Activities & Projects

Innovation, Economics & S&T Policy

Activities and Projects in Innovation, Economics and S&T Policy address NIA's Mission Statement: at the heart of this lies the NIA's participation in the OECD Working Party on Manufacture Nanomaterials (OECD WPMN) and the OECD Working Party on Nanomaterials (OECD WPN) as a lead-representative of the Business and Industry Advisory Committee to the OECD (BIAC).

The wide variety of work conducted in collaboration with the OECD is supported by NIA's own Activities and Projects, such as its investigation into the so-called 'NanoGap' (The Role of Nanotechnologies in the Divide between the developing and the developed World), and its study of Economic Indicators and Statistics for nanotechnologies, and aligns the work programme with other projects that support the identification, forecasting and roadmapping of unique areas of competitive advantage using nanotechnologies (e.g. ValueNano (Methodology for estimating, in monetary Terms, the Benefits of Nanotechnology) and Nano2Market (Best Practices for IPR and Technology Transfer in Nanotechnology Developments)).  
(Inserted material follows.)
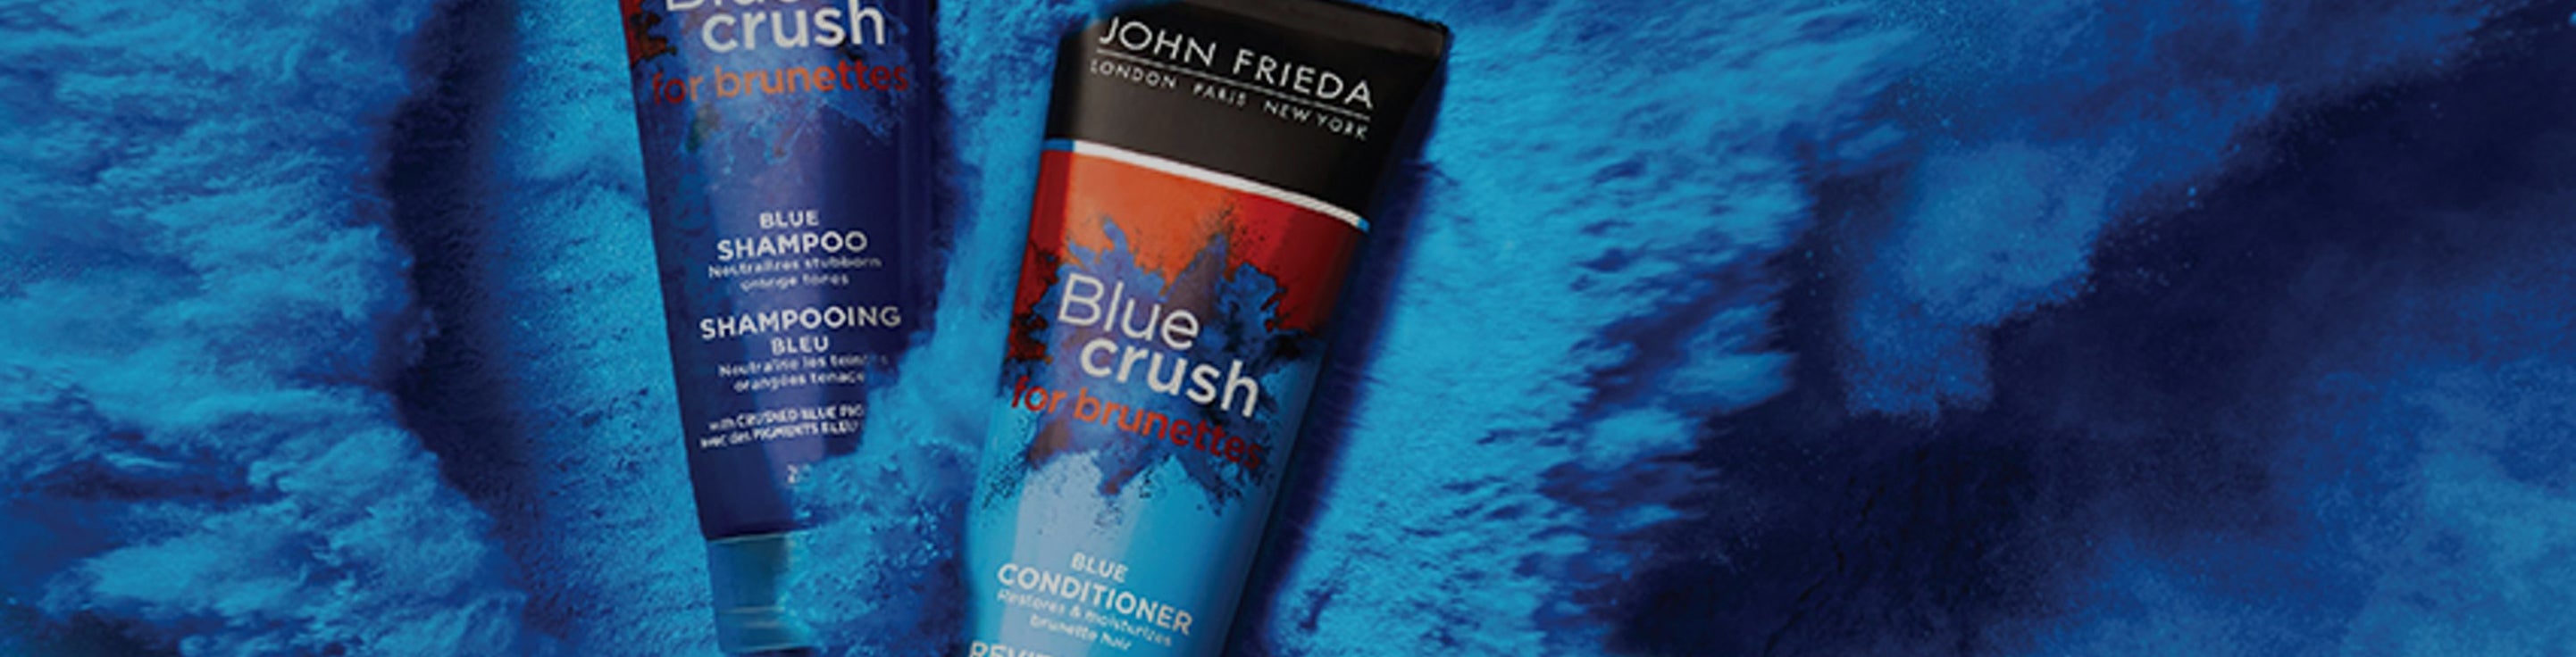 John Frieda - Blue Crush

Practical application of analyses and studies is demonstrated in project such as NanoHex (Transforming the Future of Heat Management), which leverages NIA's in-depth experience in Environmental Health and Safety (EHS) and thus secures the innovation and commercialisation of safe and responsible nanotechnologies through NIA's 'midstream' engagement in the nanotechnology 'innovation value chain'.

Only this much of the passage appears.